Can you post the architecture here print(model)
, then I can tell you how to do it manually.
If it's a Hugging Face Llama model, try adding this part in your config and it should work:
model.config.architectures = ['LlamaForCausalLM']
Here is the model architecture:
LlamaForCausalLM(
(model): LlamaModel(
(embed_tokens): Embedding(65024, 6656)
(layers): ModuleList(
(0-57): 58 x LlamaDecoderLayer(
(self_attn): LlamaSdpaAttention(
(q_proj): Linear(in_features=6656, out_features=6656, bias=True)
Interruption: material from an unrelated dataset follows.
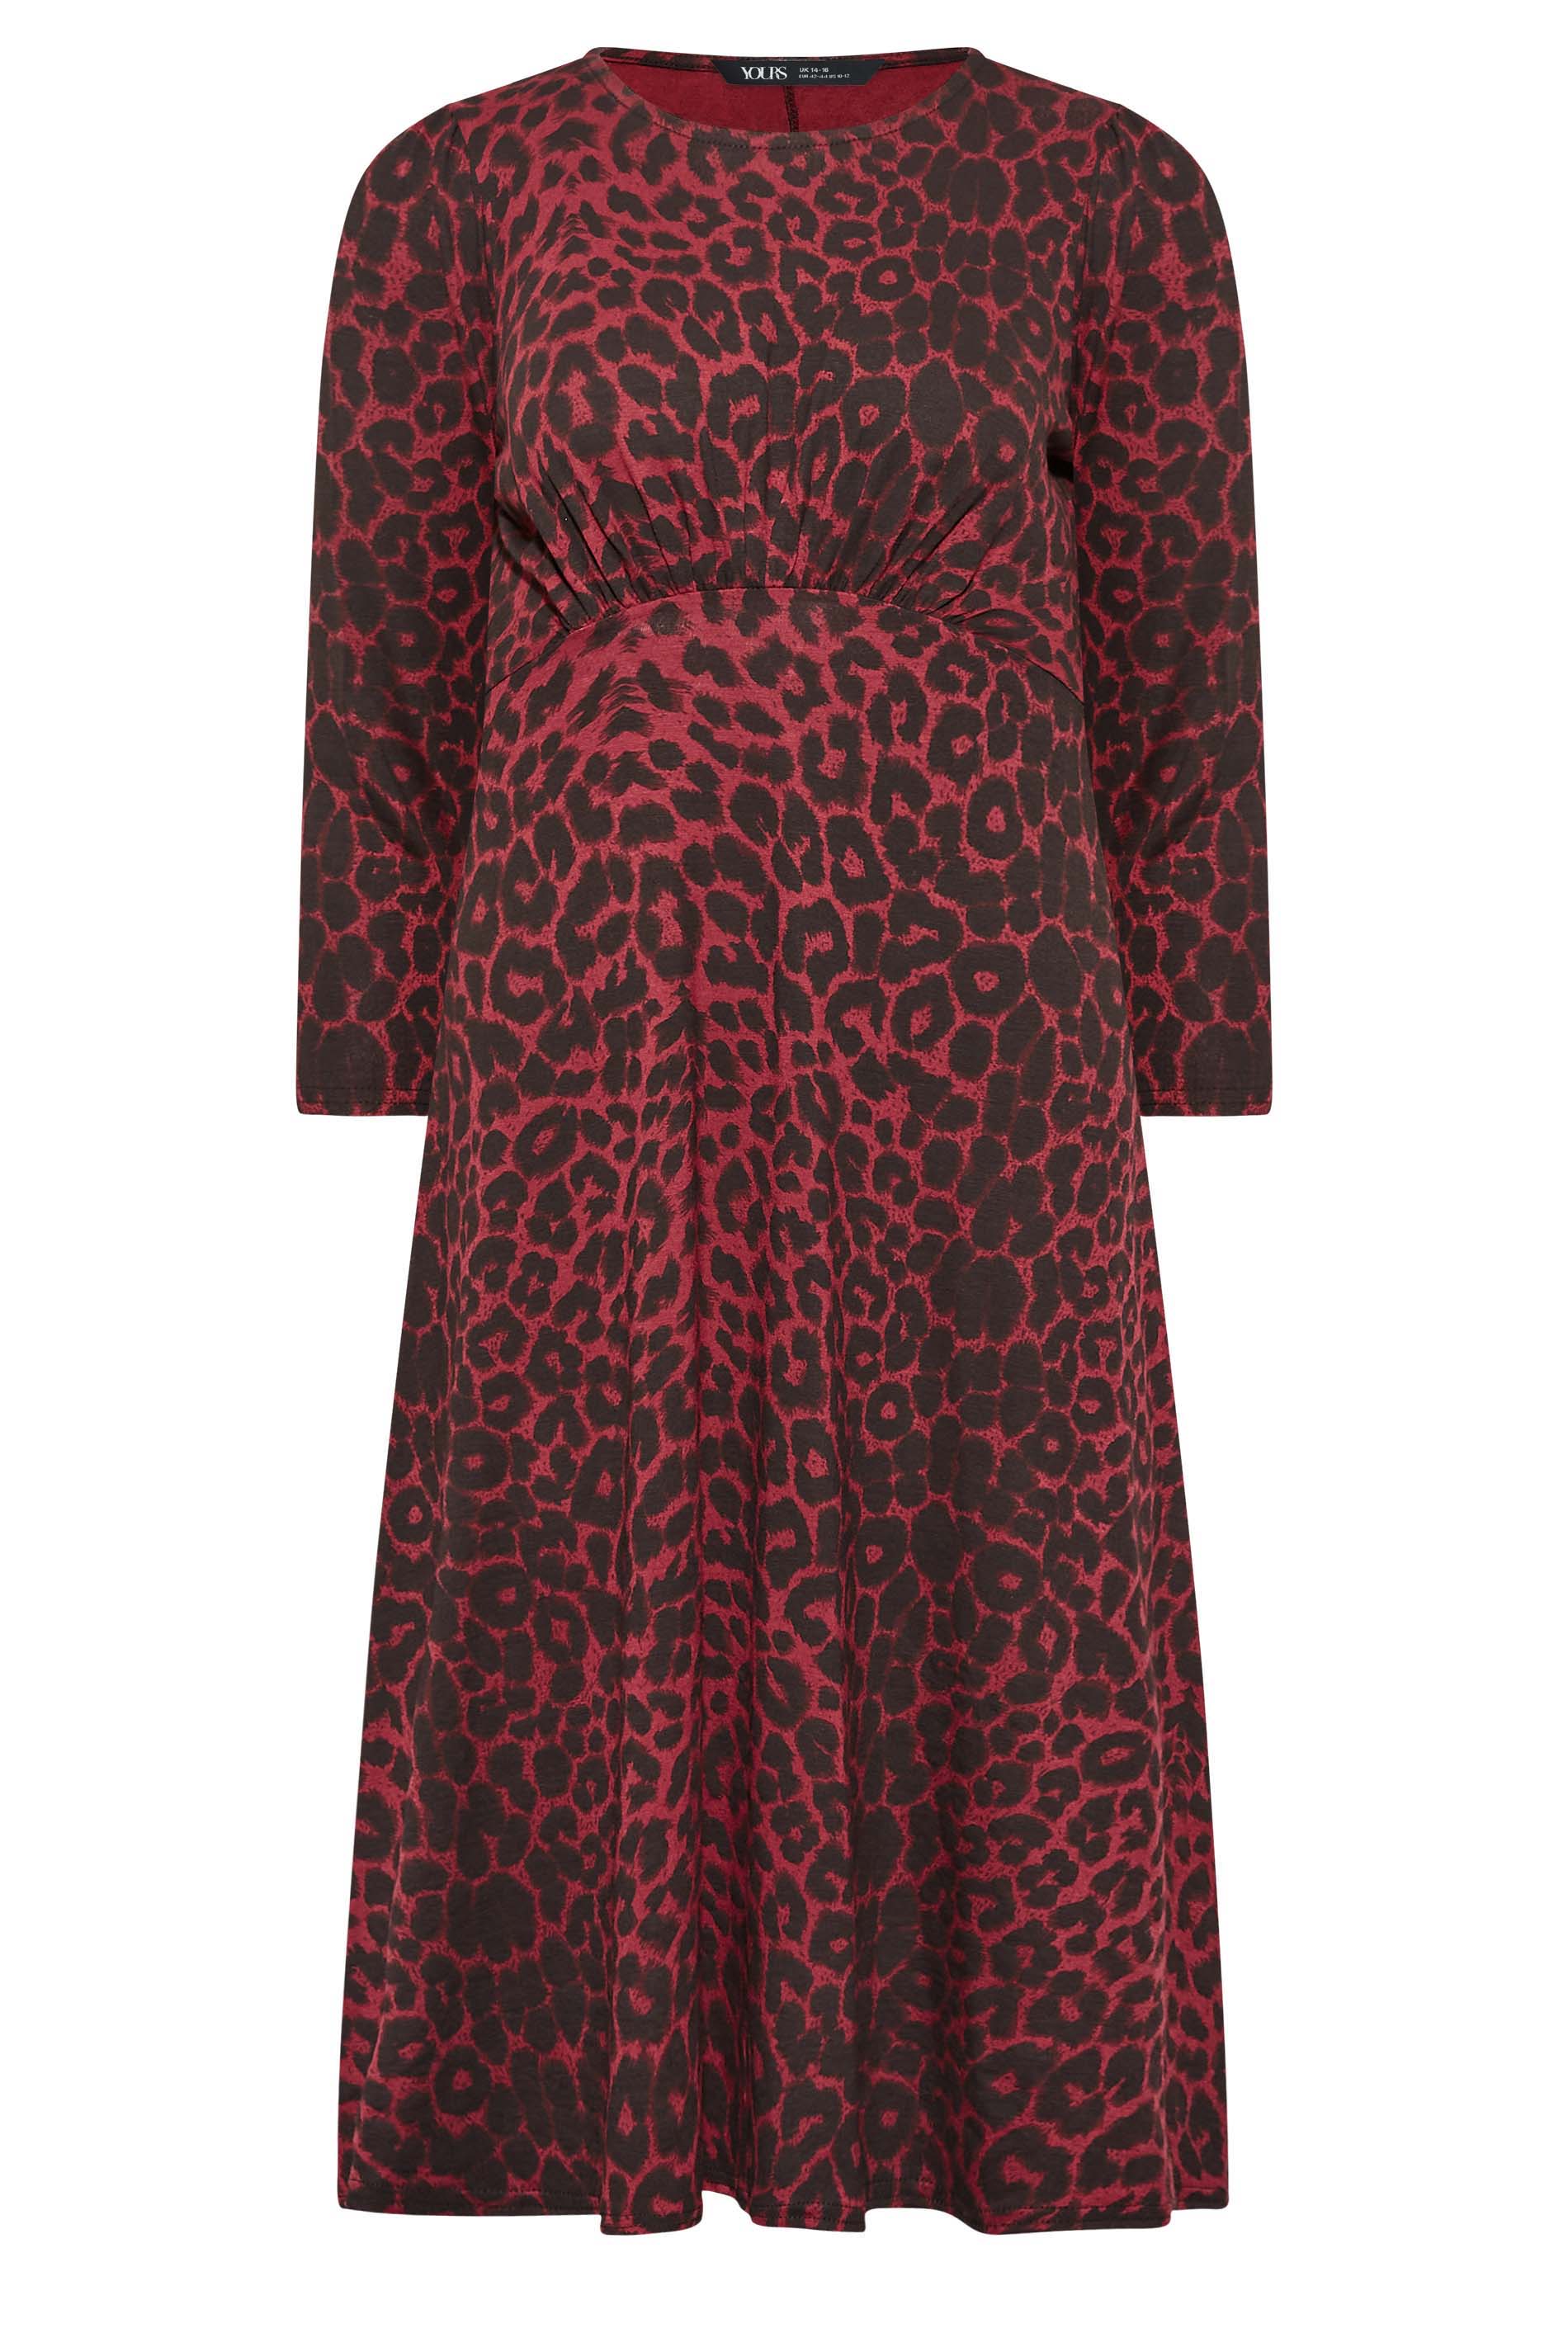 ødelagte sundhed betaling YOURS PETITE Plus Size Curve Dark Red Leopard Print Midi Dress | Yours  Clothing

(k_proj): Linear(in_features=6656, out_features=512, bias=True)
(v_proj): Linear(in_features=6656, out_features=512, bias=True)
(o_proj): Linear(in_features=6656, out_features=6656, bias=False)
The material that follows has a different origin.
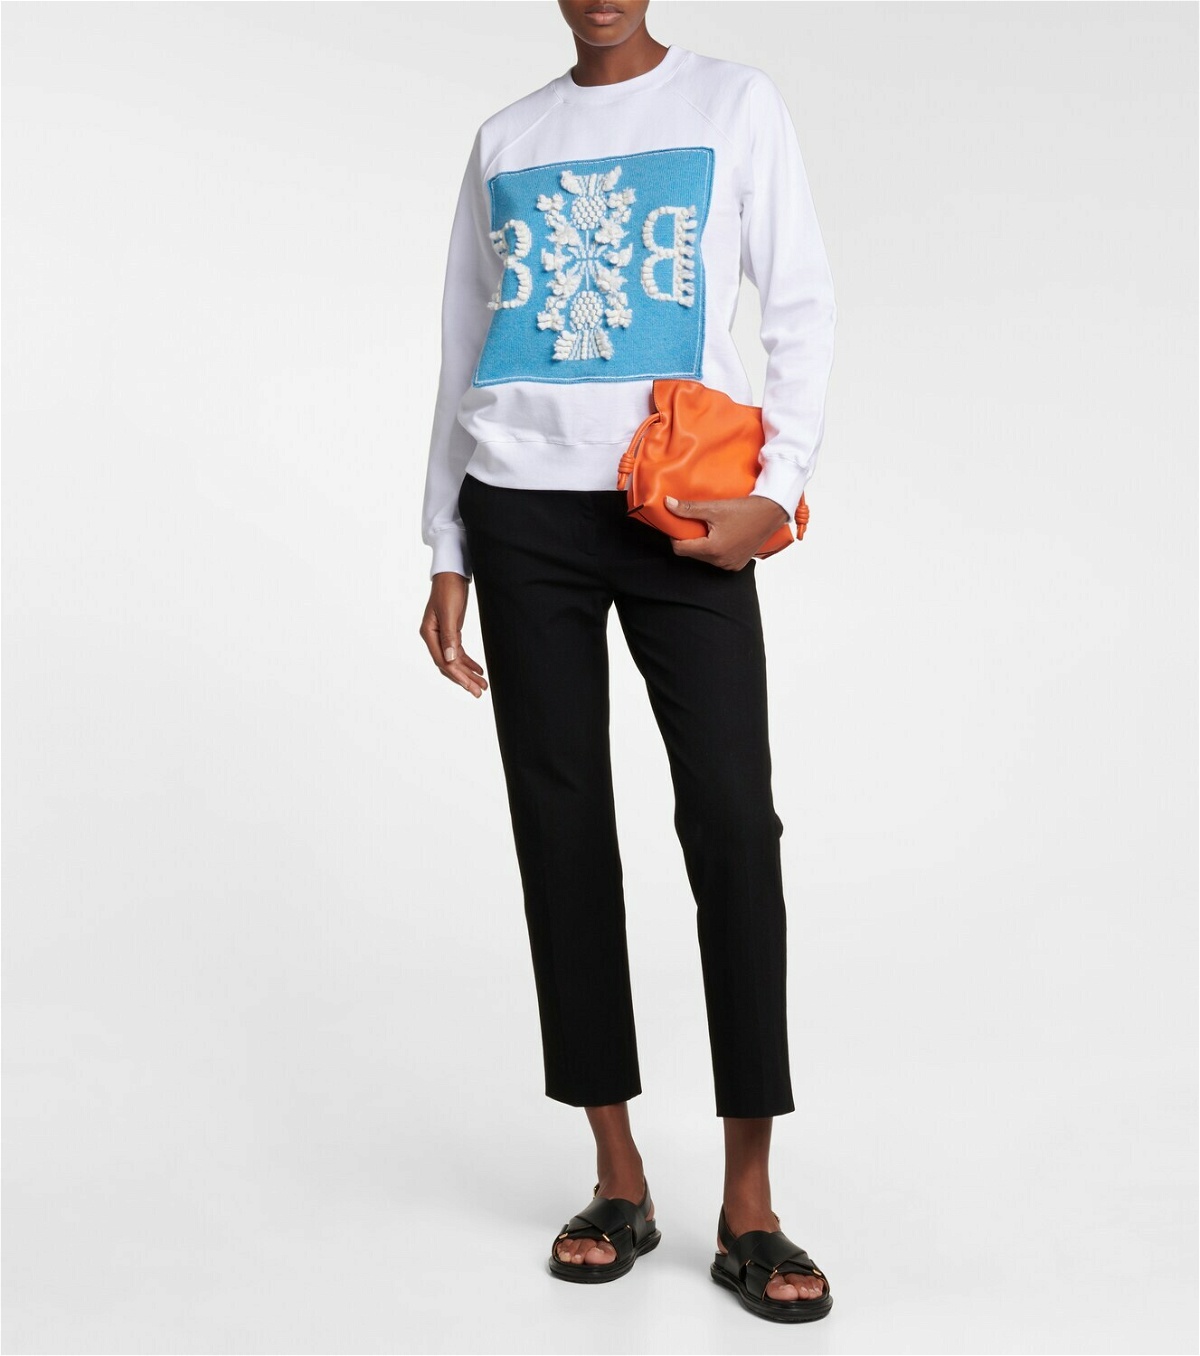 Barrie Cotton and cashmere logo sweatshirt

(rotary_emb): LlamaRotaryEmbedding()
)
(mlp): LlamaMLP(
(gate_proj): Linear(in_features=6656, out_features=22272, bias=False)
(up_proj): Linear(in_features=6656, out_features=22272, bias=False)
(down_proj): Linear(in_features=22272, out_features=6656, bias=False)
(act_fn): SiLU()
)
(input_layernorm): LlamaRMSNorm()
(post_attention_layernorm): LlamaRMSNorm()
)
)
(norm): LlamaRMSNorm()
)
(lm_head): Linear(in_features=6656, out_features=65024, bias=False)
)
I load the fp16 model and quantize it successdully. But when I want to load the quantized model, the above error occurs.
#Load model on the CPU
######################
model = AutoModelForCausalLM.from_pretrained(
model_path, low_cpu_mem_usage=True, torch_dtype=compute_dtype, trust_remote_code=True)
tokenizer = AutoTokenizer.from_pretrained(model_path,trust_remote_code=True)
#Quantize the model
#####################
quant_config = BaseQuantizeConfig(nbits=4, group_size=128)
AutoHQQHFModel.quantize_model(model, quant_config=quant_config,
compute_dtype=compute_dtype,
device=device)
#Save the quantized model
AutoHQQHFModel.save_quantized(model, save_dir)
Did you try ?
model.config.architectures = ['LlamaForCausalLM']
Otherwise, put it in the config json file: https://huggingface.co/meta-llama/Llama-2-7b-hf/blob/main/config.json#L3-L5
What happens is that it doesn't know what kind of architecture it is at load time, that's why it breaks, so the trick above should work. The other option would be using something like (would only work properly if it's the same logic as HF's llama model definition):
from hqq.models.hf.llama import LlamaHQQ
model = LlamaHQQ.from_pretrained(....)
LlamaHQQ.save_quantized(...)
model - LlamaHQQ.from_quantized(...)
Got it.
model.config.architectures = ['LlamaForCausalLM']
works~
Thanks!
Hi, I met the following error when I tried to load a llama model:
I use PyTorch==2.2.0 and Transformers==4.39.0. How to solve this problem? looking forward to your reply.